_Data provided_

>>

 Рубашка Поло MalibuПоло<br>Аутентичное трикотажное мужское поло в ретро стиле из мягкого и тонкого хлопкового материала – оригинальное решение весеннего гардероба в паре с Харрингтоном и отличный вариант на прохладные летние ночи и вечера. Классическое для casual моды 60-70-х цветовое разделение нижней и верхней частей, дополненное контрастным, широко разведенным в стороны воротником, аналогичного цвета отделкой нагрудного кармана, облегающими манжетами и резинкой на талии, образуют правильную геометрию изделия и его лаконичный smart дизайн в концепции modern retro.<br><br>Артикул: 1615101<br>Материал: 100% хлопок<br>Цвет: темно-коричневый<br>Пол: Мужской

<<
>>

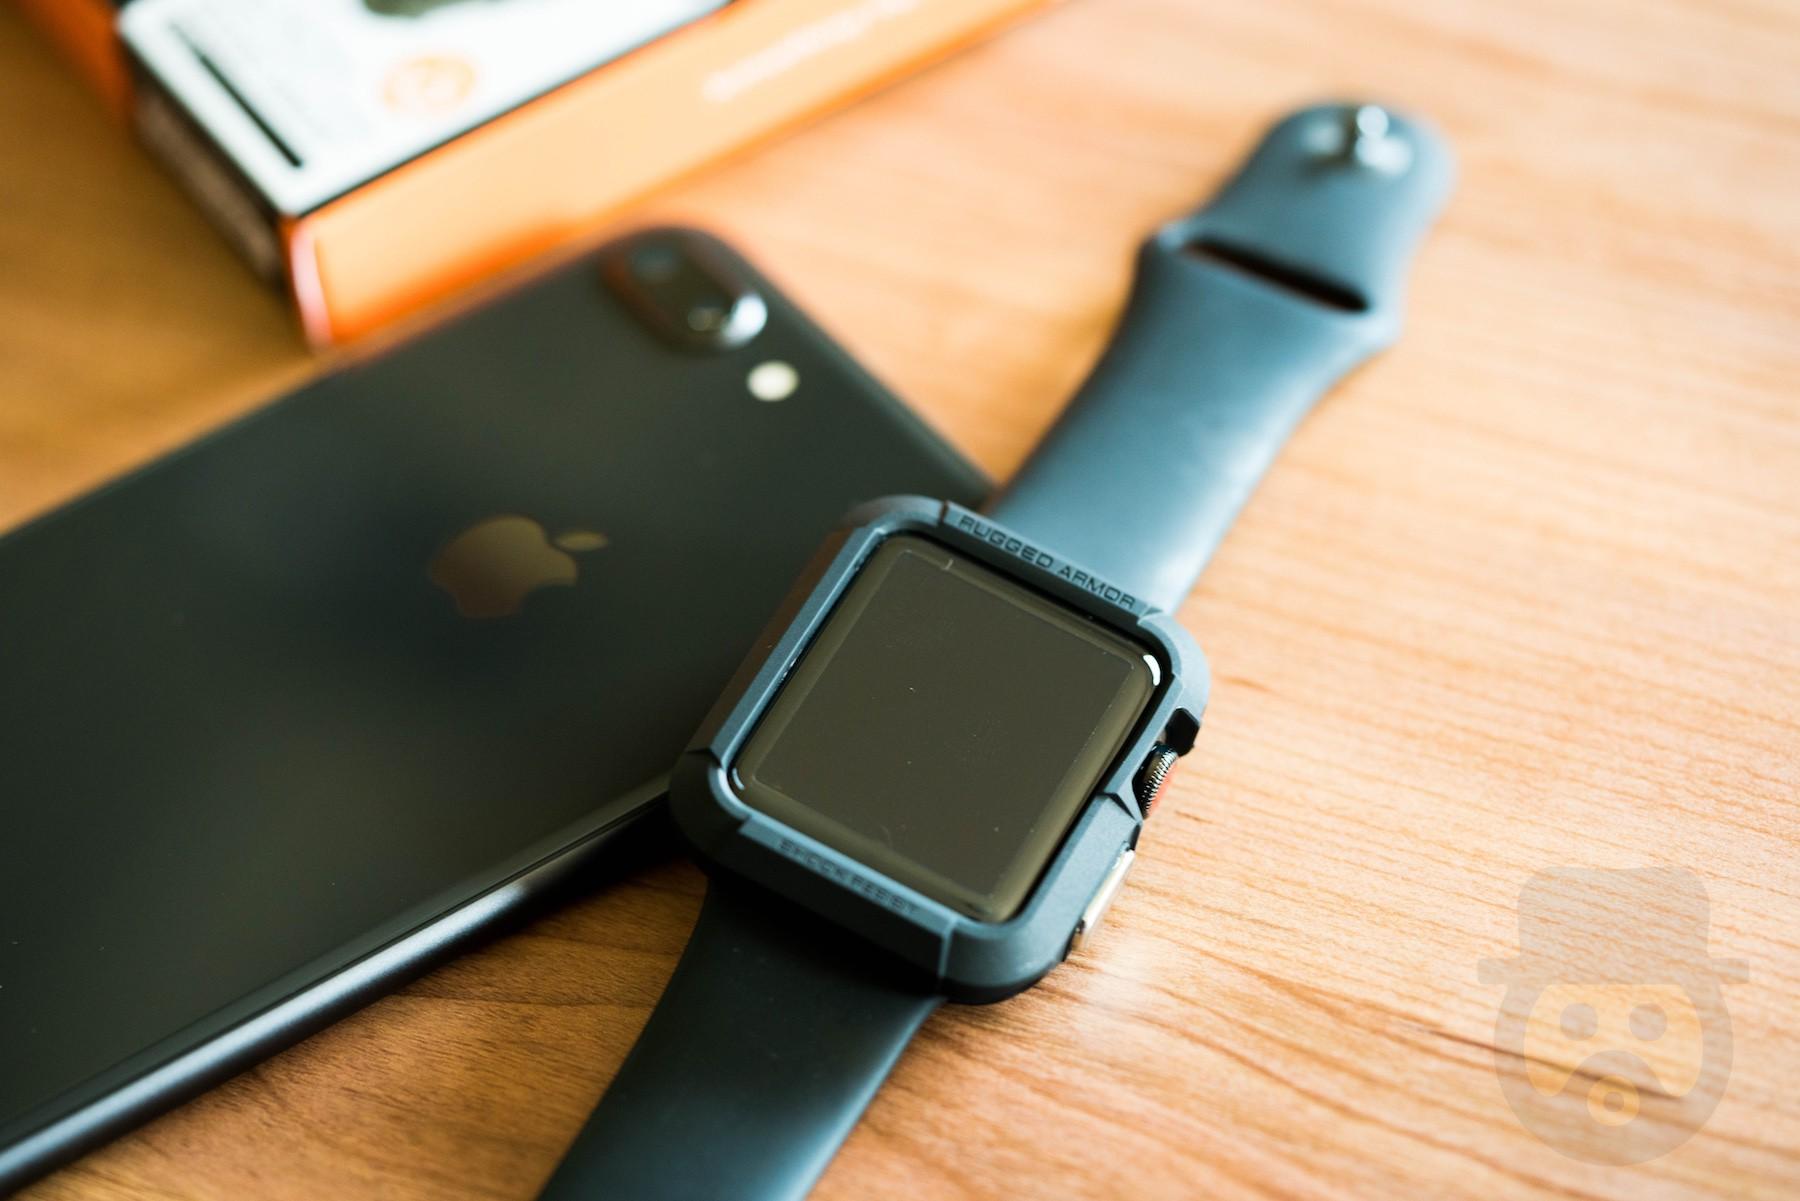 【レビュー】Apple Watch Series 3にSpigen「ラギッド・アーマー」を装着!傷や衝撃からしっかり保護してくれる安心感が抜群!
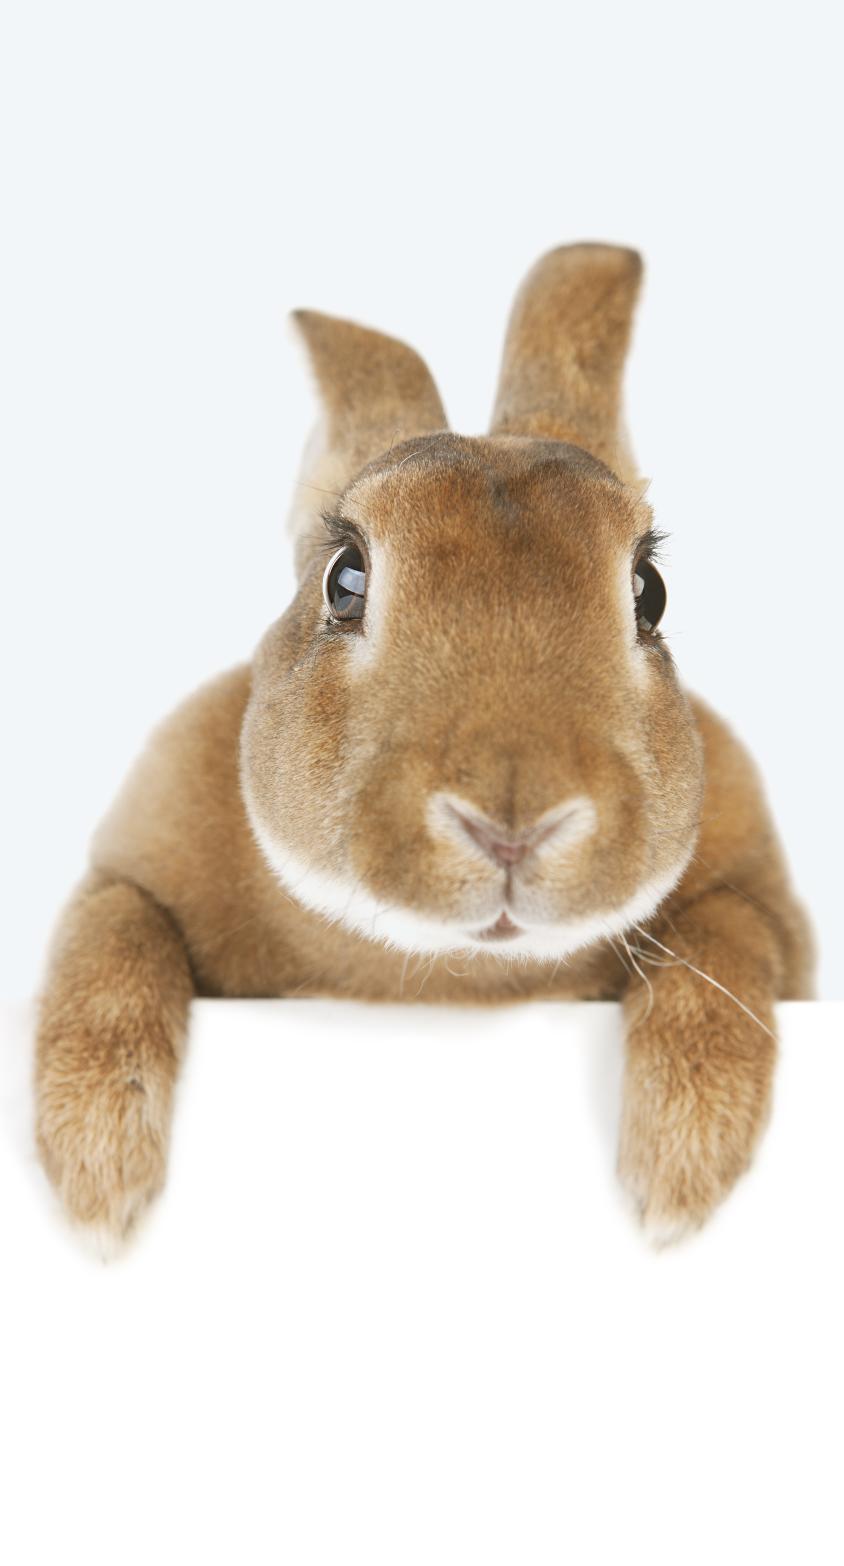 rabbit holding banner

<<
>>

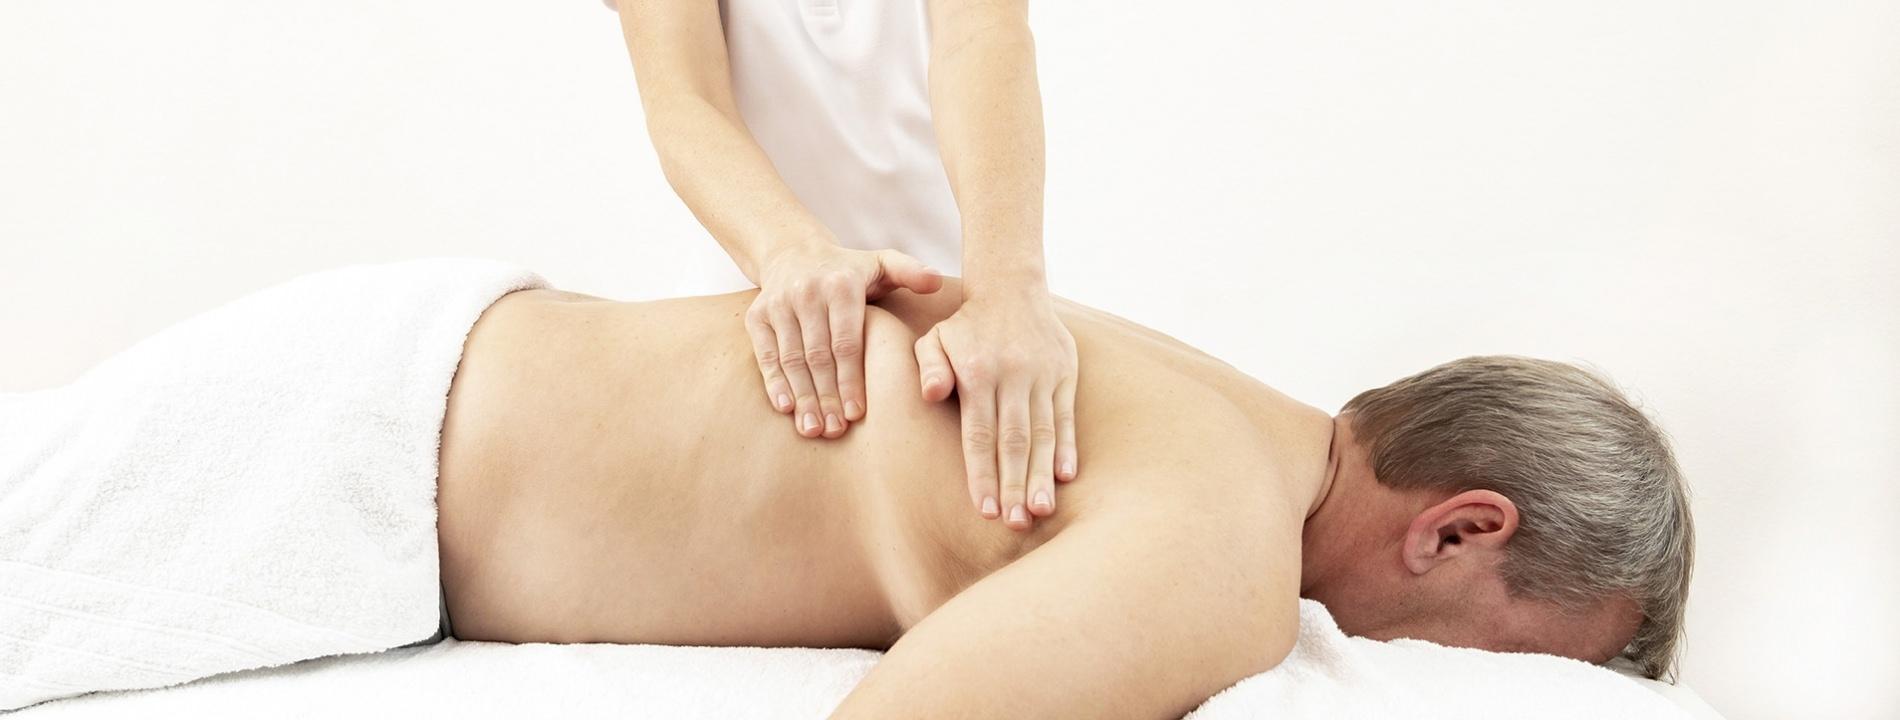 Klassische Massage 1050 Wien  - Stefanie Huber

<<

_Task instructions_
Above are the records; please give again, exactly and in full, only the lines that run from the line with "Watch Series 3にSpigen「ラギッド・アーマー」を装着!傷や衝撃からしっかり保護してくれる安心感が抜群!" through the line with "rabbit holding banner", with no pictures.

_Response_
 【レビュー】Apple Watch Series 3にSpigen「ラギッド・アーマー」を装着!傷や衝撃からしっかり保護してくれる安心感が抜群!
 rabbit holding banner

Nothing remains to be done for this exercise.